The thalmathoosywhatdeyacallit was a big hit. There he stood like a little boy that had just discovered he could turn on the hose pipe and get it to do all sorts of fountainous things. The smile on his face was wonderful, it was precious and if I could take that smile and place it in my pocket to carry with me everywhere I went, I would have done. It was magic to see him relaxed and happy. It’s been awhile.

The couple we have been talking to thought it was delightful, Caroline laughed at his antics and I fell madly and passionately in love with Mark all over again. It was the mother and daughter combo that got arsie. I didn’t point them out, nor mention it to Mark, but I noticed. They are the ones we all know, the ones that are obviously better than the rest. The, “we’ve paid top dollar therefore we are worth it,” ones, “so we expect everyone to be as stuck up their own derrière as we are stuck up our own. The look on their faces was not a look I appreciate. In fact I took the opportunity to laugh at Marks antics as did Caroline. I know she noticed.

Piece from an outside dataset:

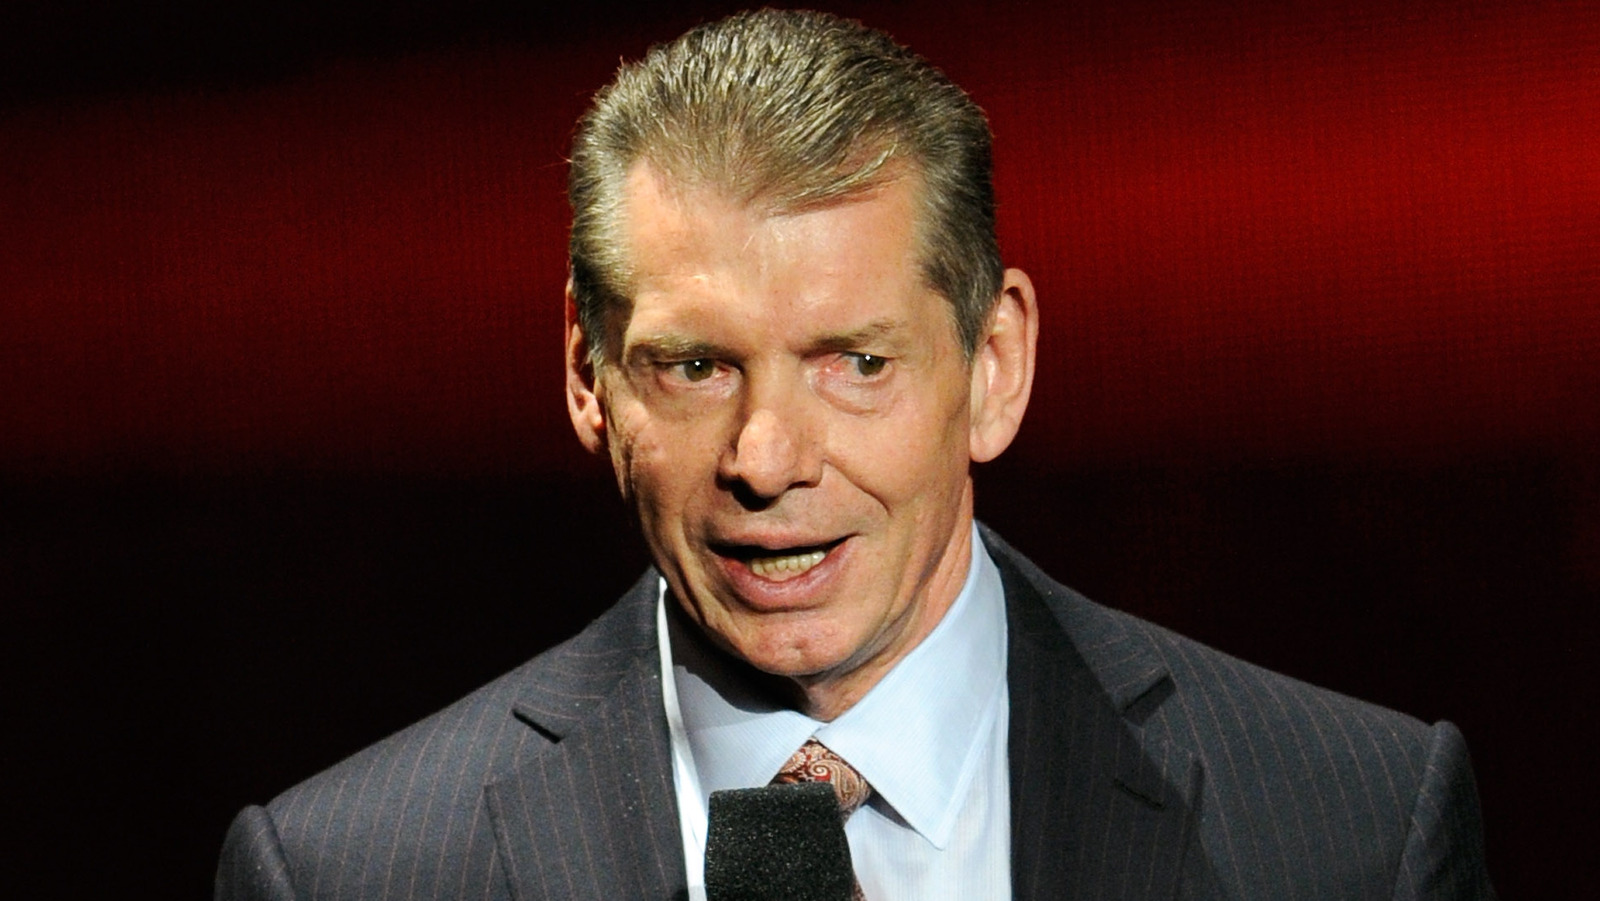 Abogado que representa al demandante en WWE, la demanda de Vince McMahon publica una declaración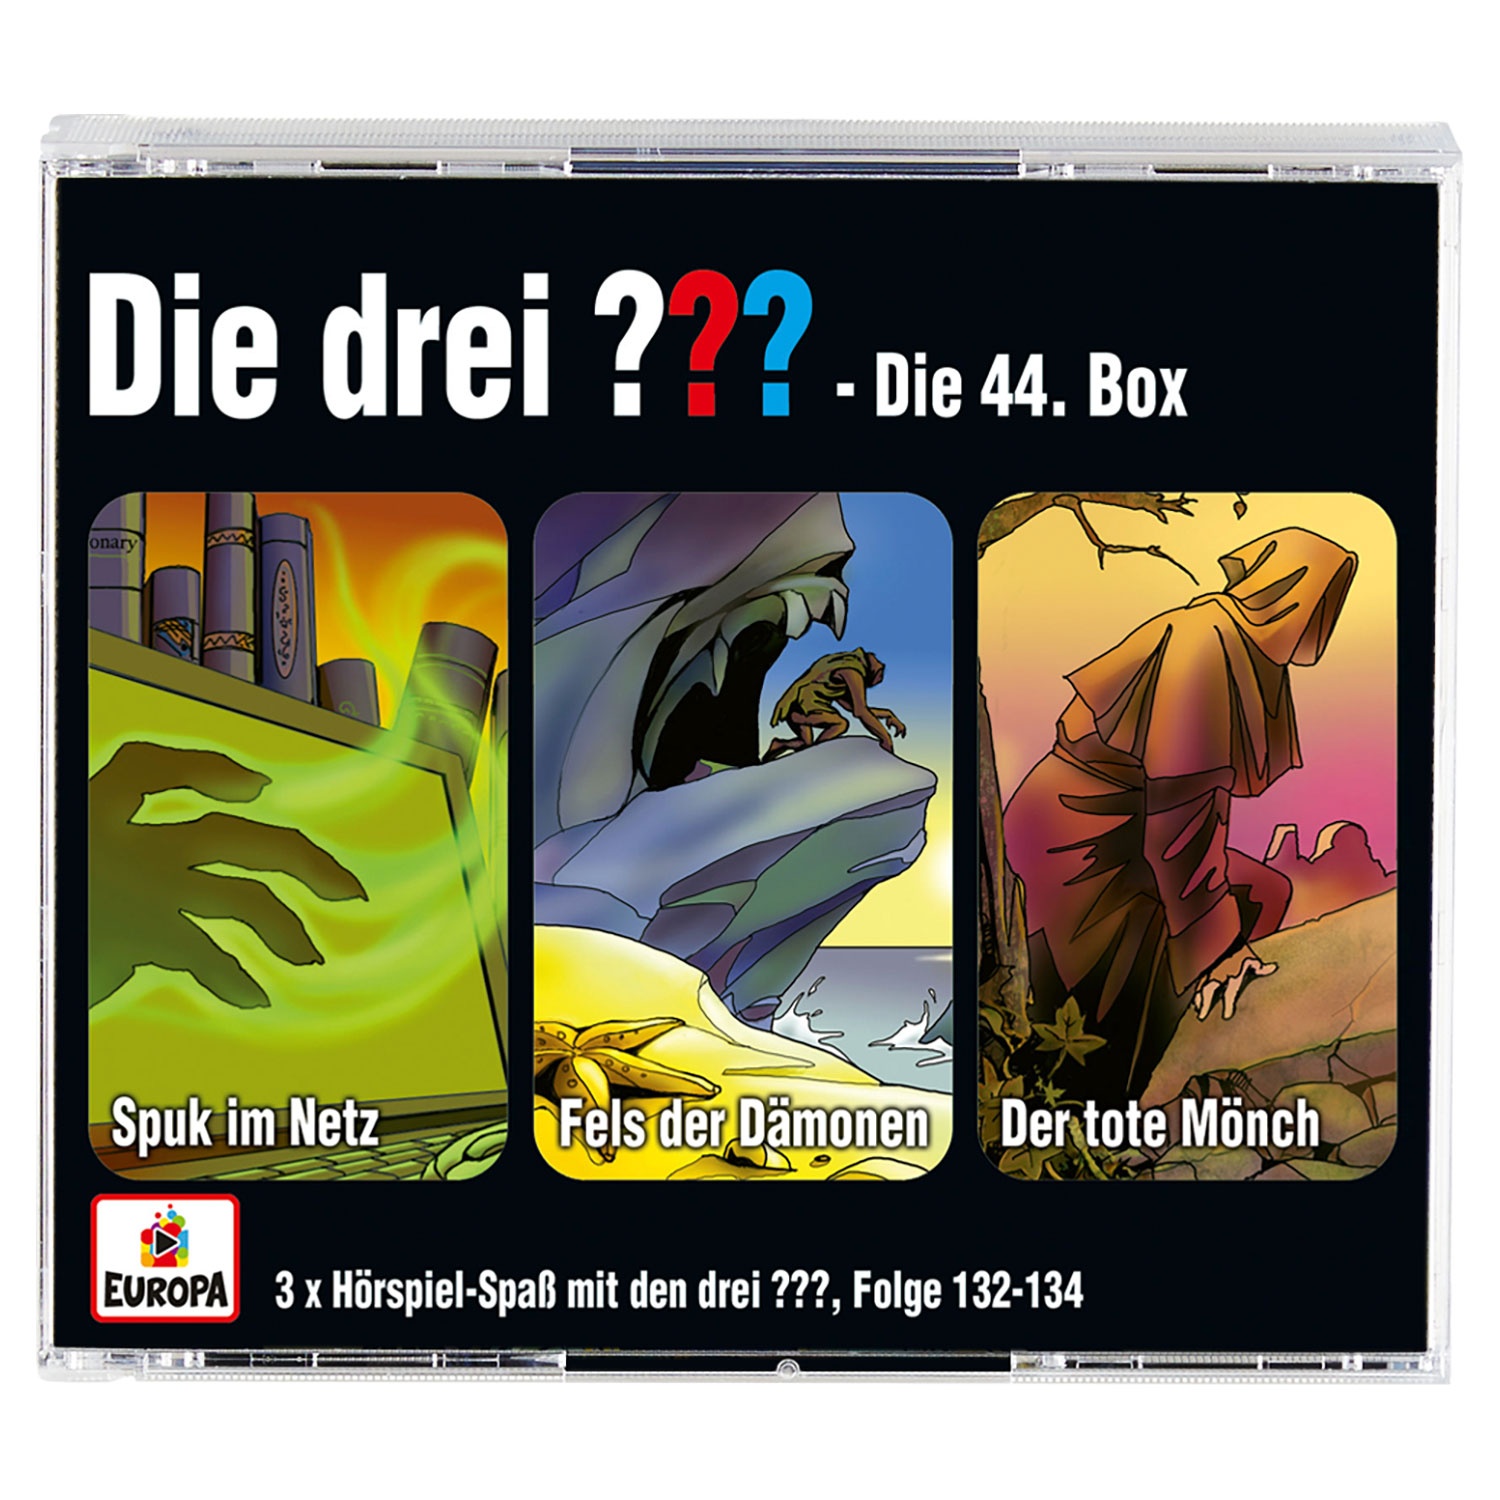 3er-CD-Box „Die drei ???/Kids“ oder „Die drei !!!“

Bumping into her in the corridor after lunch she asked how our day was going.

“We went back to our room, we slept, we had lunch and now we are just going to chill.”

“Did you see the looks that we were…”

I stopped her in mid sentence, “yep, you get it all the time, too much snot to wipe their own noses.”

She laughed. “Privilege,” she said. “I feel it’s a privilege to be here, they’re the type that feel it’s a privilege for the staff to serve them.”

We parted and I sat down before the big fire in the hall, took out my iPad and began to type.

Mark: “Join me by the fire, it’s empty.”

I sent the message and now we are both lounging by the fire as the world goes by. Mark reads and I write. He can stay, he can also come with me next time if he wants.

It’s a privilege to share my private time and secret hideaway with my husband.

Ps: Happy Anniversary to my wonderful husband.